François Villeroy de Galhau a fait état de "contacts discrets mais très sérieux et nombreux" avec des établissements financiers envisageant de quitter Londres pour Paris. (Crédits : Axel Schmidt)
Le gouverneur de la Banque de France a indiqué qu'il y avait des contacts "nombreux et très sérieux" avec des établissements financiers prêts à quitter Londres pour la capitale. Il a nsisté sur la nécessité de déménager "à court terme" le gendarme bancaire de l'UE, sans se prononcer en faveur de Paris.

Non, tout n'est pas perdu pour Paris dans la bataille d'attractivité que se livrent les grandes capitales européennes pour accueillir les établissements financiers obligés de préparer l'après-Brexit et le risque de perte d'accès au marché unique. Certes, seul HSBC a jusqu'ici annoncé son intention de relocaliser environ 1.000 postes en France, où il dispose d'une licence bancaire complète, héritée du rachat du CCF. Mais François Villeroy de Galhau, le gouverneur de la Banque de France, s'est montré confiant ce lundi, lors d'une conférence de presse :

"Nous avons des contacts discrets mais très sérieux et nombreux avec des établissements internationaux" installés à la City et envisageant de s'installer "à l'intérieur de la zone euro", a-t-il déclaré.

"Je pense que Paris a toutes ses chances" pour attirer ces établissements qui "se laissent un peu de temps pour choisir le lieu de relocalisation".

Plusieurs grandes banques américaines ont déjà révélé leur préférence pour Dublin, Francfort ou Luxembourg. Mais les grands établissements non-européens n'ont pas tous tranché, notamment les groupes japonais.

Relocaliser le gendarme des banques hors de Londres

Le gouverneur de la Banque de France, qui siège au conseil des gouverneurs de la Banque centrale européenne, a par ailleurs insisté sur la nécessité de rapatrier l'Autorité bancaire européenne, que plusieurs capitales, Paris et Francfort en tête, convoitent, mais aussi Luxembourg et Bruxelles.

"A court terme, il est indispensable de relocaliser l'Autorité bancaire européenne pour tenir compte du Brexit, hors de Londres, pour des raisons évidentes, partagées par les 27 pays.

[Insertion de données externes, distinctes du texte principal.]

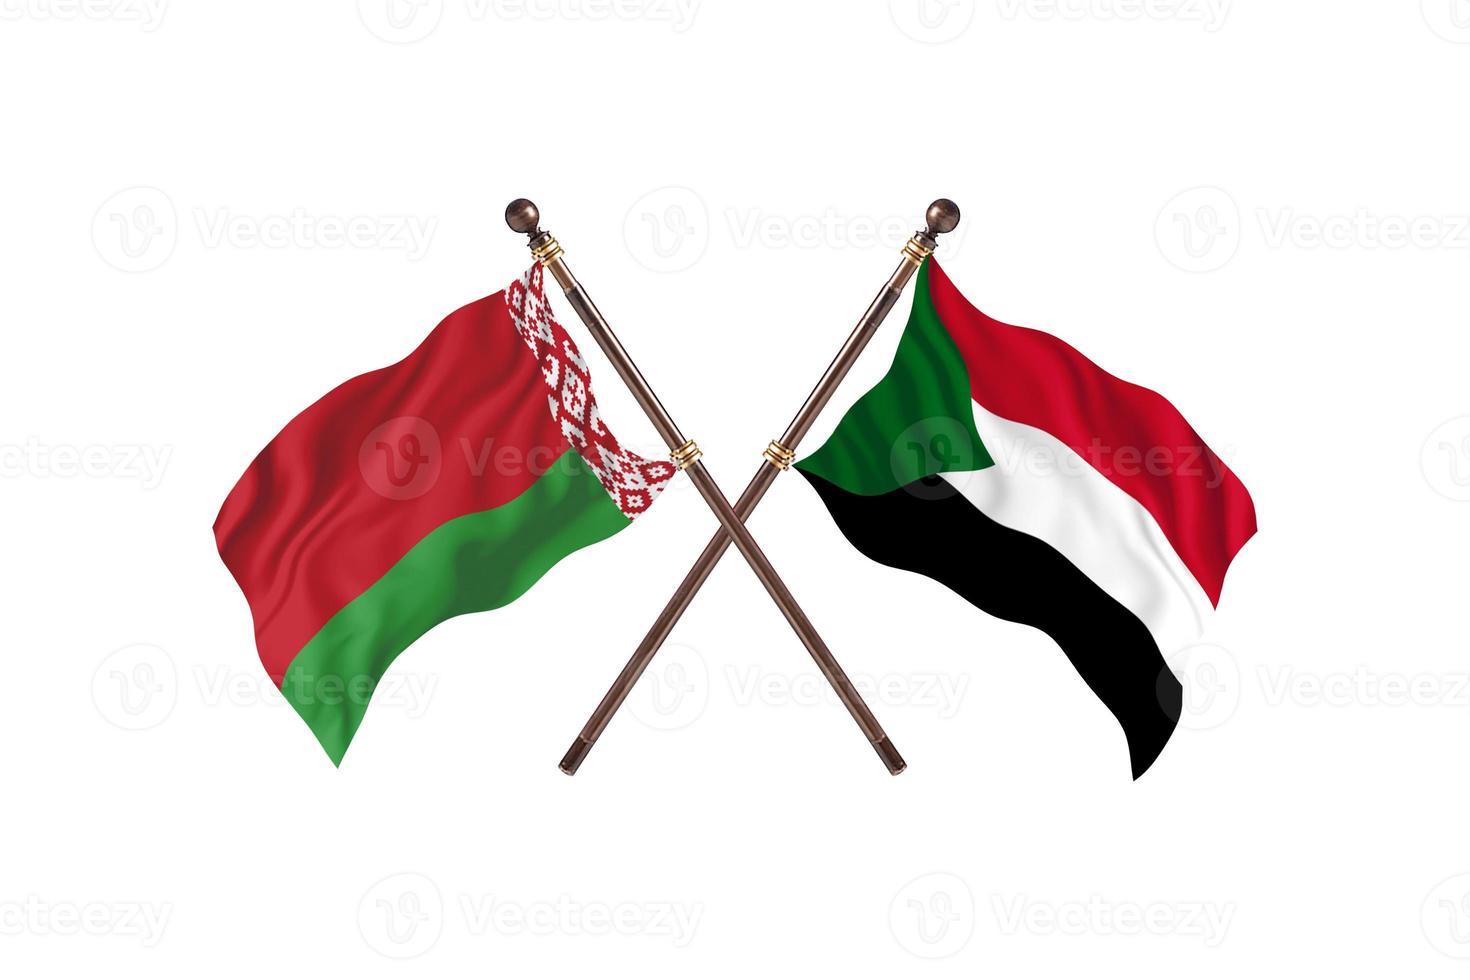 Vitryssland mot sudan två Land flaggor foto

Je ne vais pas me prononcer sur le choix de la géographie" a-t-il ajouté.

Il a souligné l'existence d'un "lien irréfragable entre les libertés de circulation des biens, des capitaux, des services et des personnes, et le respect des règles" en Europe. "C'est une histoire de règles partagées, en particulier dans les services financiers", a-t-il déclaré au sujet de la voie du "hard" ou "clean Brexit" choisie par le Royaume-Uni.

Il a en revanche plaidé pour une révision de "l'architecture de la supervision et de la réglementation européenne", entre les trois autorités en charge de la convergence de la régulation des banques, des assurances et des marchés, c'est-à-dire un rapprochement de l'activité de supervision et de celle de résolution.

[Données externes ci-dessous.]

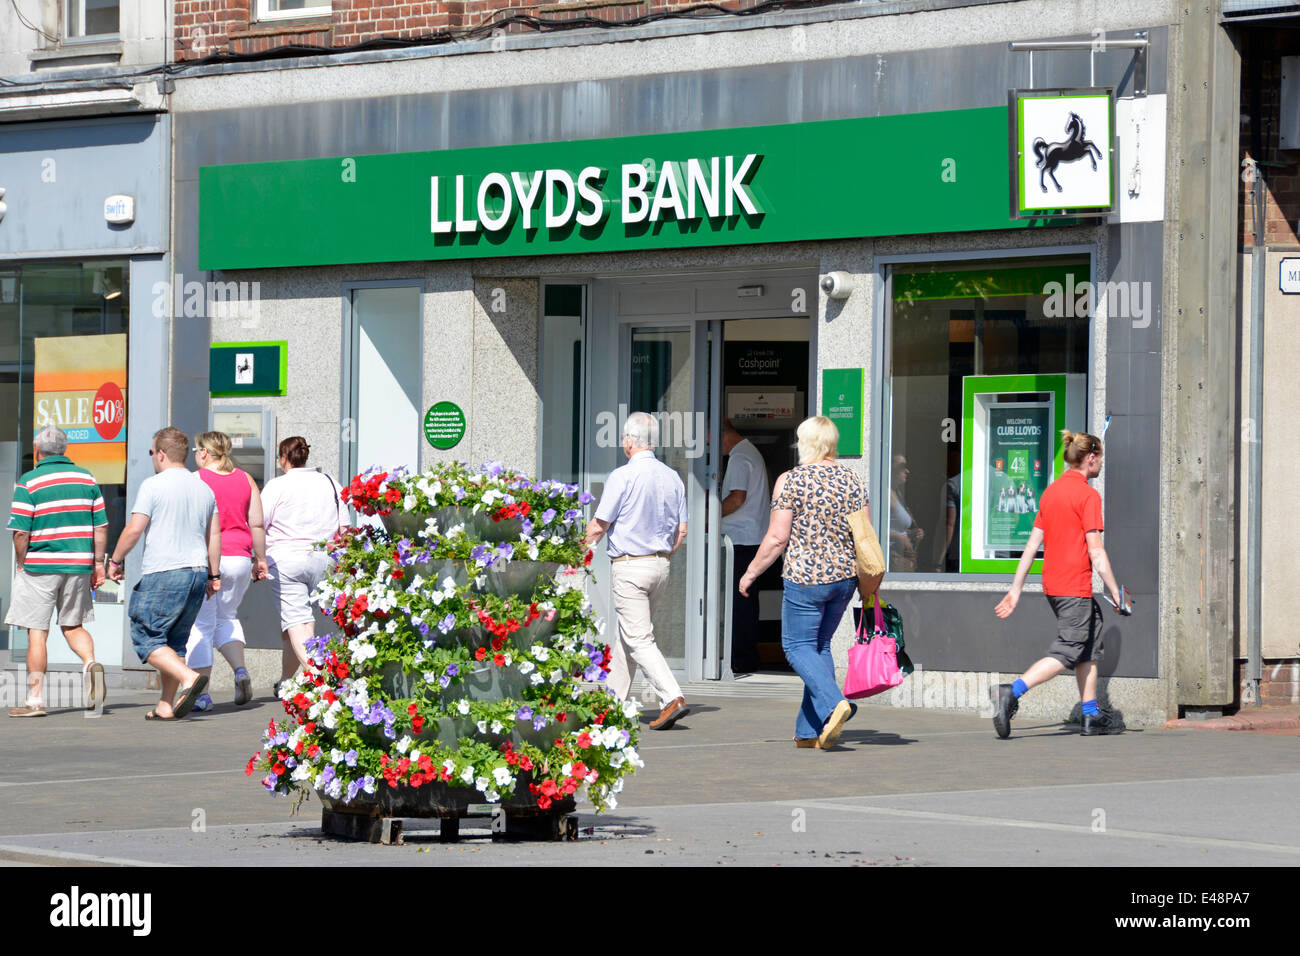 Lloyds Bank High Street Brentwood Essex England UK Branch Pflaster Blütenpracht & Wand-Plakette für Welten zuerst auf Linie Echtzeit Geldautomaten Stockfoto

Il a également répété "une exigence qui est une évidence" sur un sujet hautement sensible pour la communauté financière londonienne :

"les opérations de compensation en euros, pour toutes celles qui sont d'importance systémique, doivent être localisées là où la supervision de l'Eurosystème pourra s'exercer de manière effective. Et après le Brexit, on ne voit pas comment ceci pourrait être à Londres".

Selon une estimation du patron du London Stock Exchange, ce sont "au minimum 100.000 emplois", directs et indirects, qui sont menacés dans la région de Londres en cas de délocalisation de la compensation. La Commission européenne devrait publier en juin un projet de réglementation permettant de resserrer le contrôle sur la compensation, qui pourrait être le prélude à une obligation d'effectuer les opérations de compensation en euros hors de Grande-Bretagne.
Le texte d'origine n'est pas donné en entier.